The selenium connection

Selenium is even considered a trace mineral, and in horses, it is particularly noteworthy because too much or even too little can be detrimental and also really fatal. Selenium is a highly significant mineral in the antioxidant pathway, which is why it is important for recovery, metabolism and endurance. Inorganic selenium is quite easy to spot on feed tags and will be listed as “sodium selenite.” On the other hand organic selenium, will be listed as “selenium yeast.” Be careful: Some feeds use a mixture of both types of selenium. Thus, you should choose feeds that contain only 100% selenium yeast for best possible results.
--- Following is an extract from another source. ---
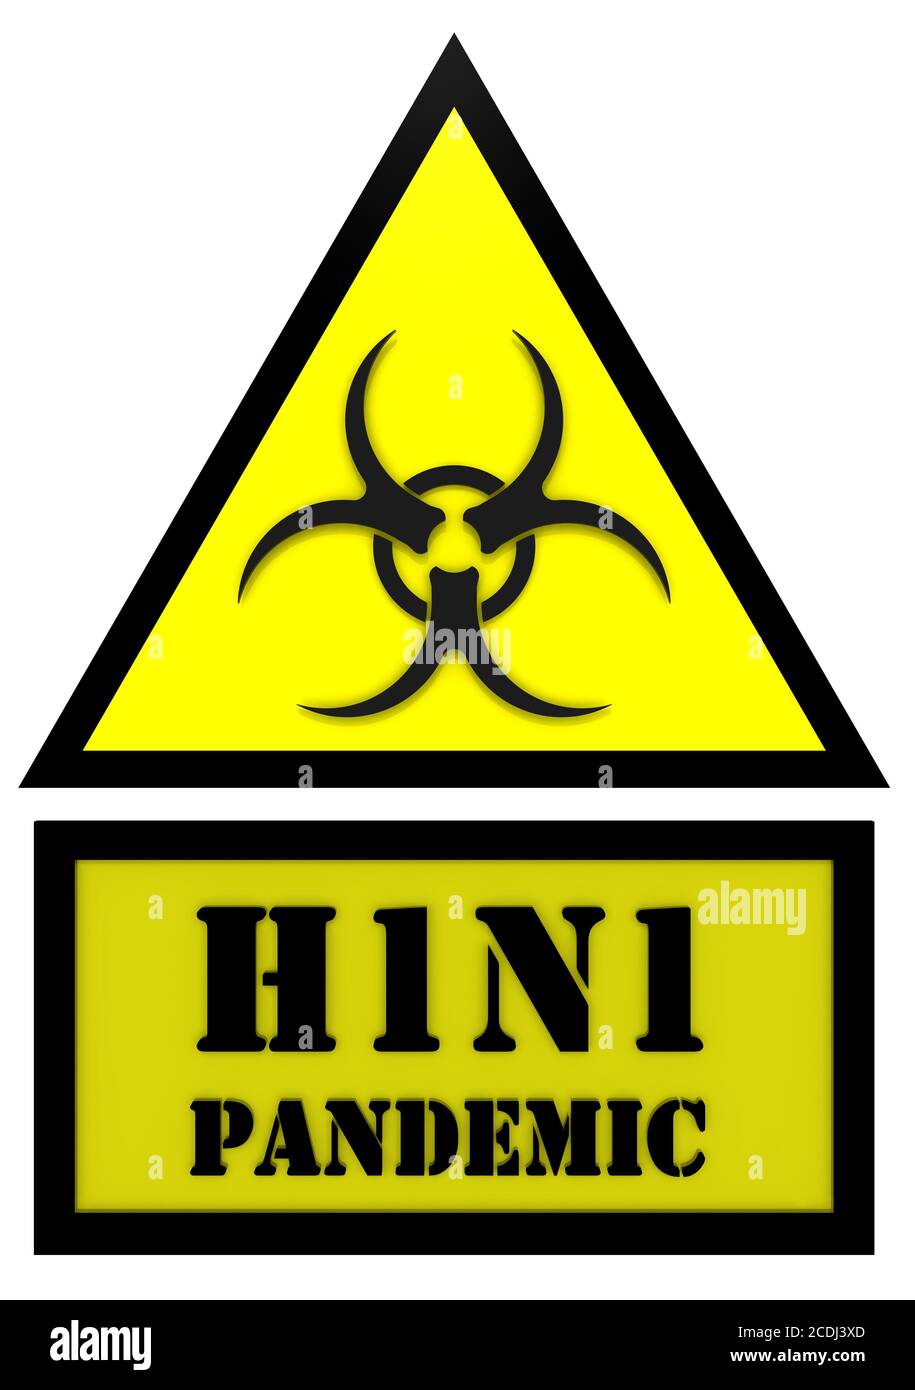 Segno dell'epidemia di influenza H1N1. Cartello giallo con il simbolo di rischio biologico e la dicitura "PANDEMIA H1N1". Isolato. Illustrazione 3D Foto Stock
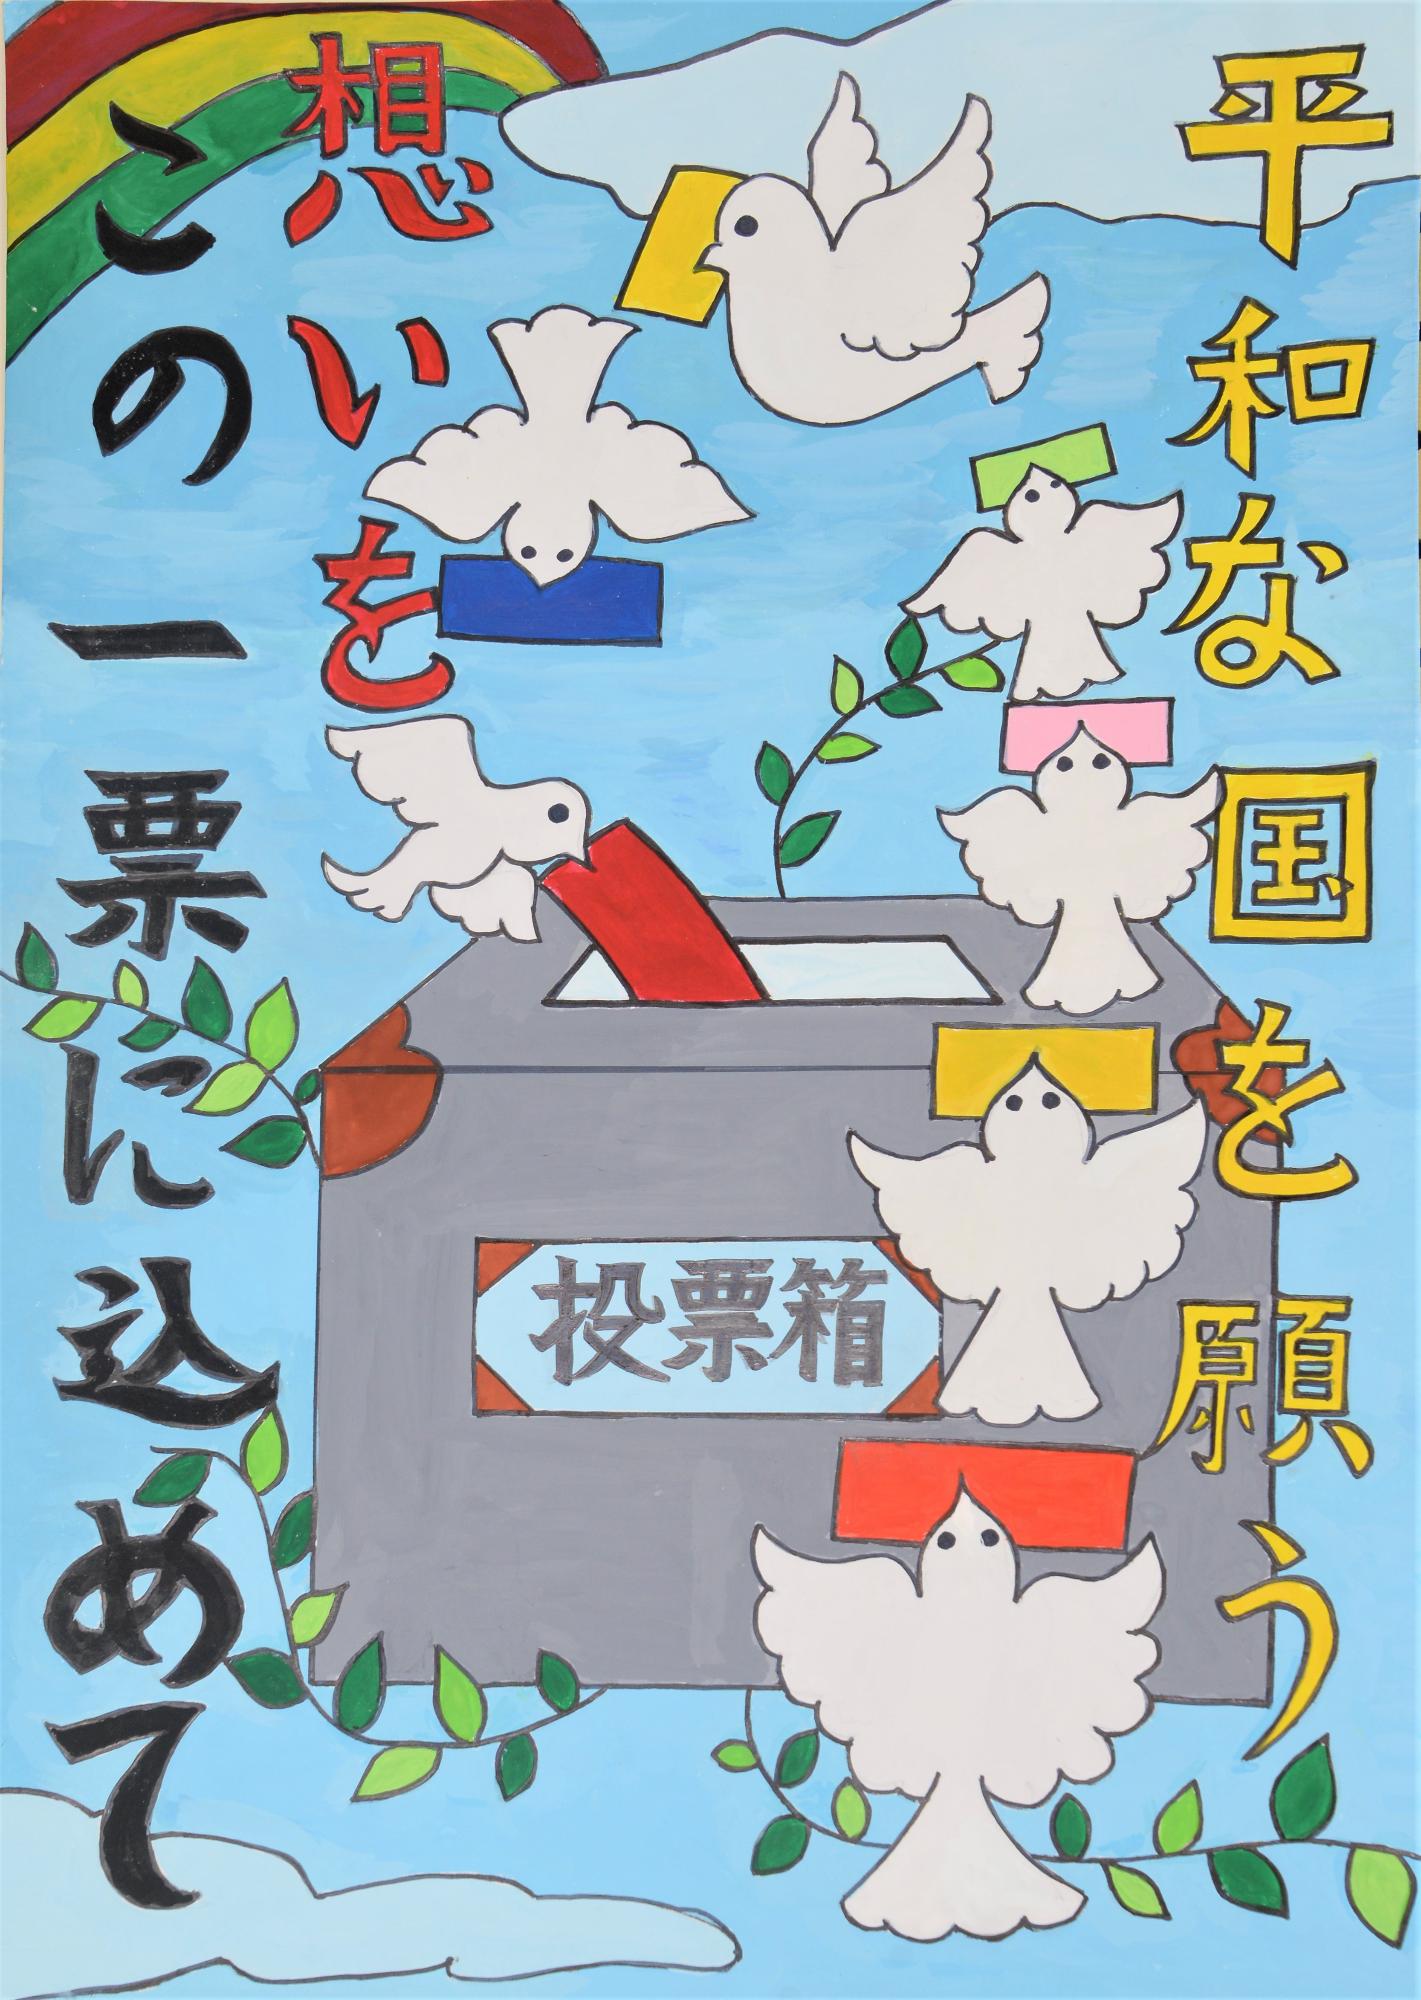 「平和な国を願う想いをこの一票に込めて」虹のかかった空を背景に多数の鳥が投票箱に投票をするポスター

Ingredients to support gut health for horses

Your last and final task in reading the ingredient list on the horse feed tag is to actually check for any bonuses. Yes, organic minerals should be non-negotiable, however it is possible for your horse to get much more out of its feed! You need to simply think of this like the prize at the bottom of the Cracker Jack box. One such example is added probiotics for horses. However, be careful how you really interpret these, because not all probiotic supplements, or good gut bacteria, are created equal. You can always call us to clarify further how they source and add probiotics into their feeds to make sure their viability and efficacy. Look on the feed tag for ingredients such as “yeast culture,” “hydrolyzed yeast,” “dried brewer’s yeast” or any particular strain of probiotic bacteria. These ingredients can actually increase your horse’s ability to fully digest as well as utilize the feed, thanks to beneficial bacteria while also potentially saving you from having to purchase any sort of additional equine supplements.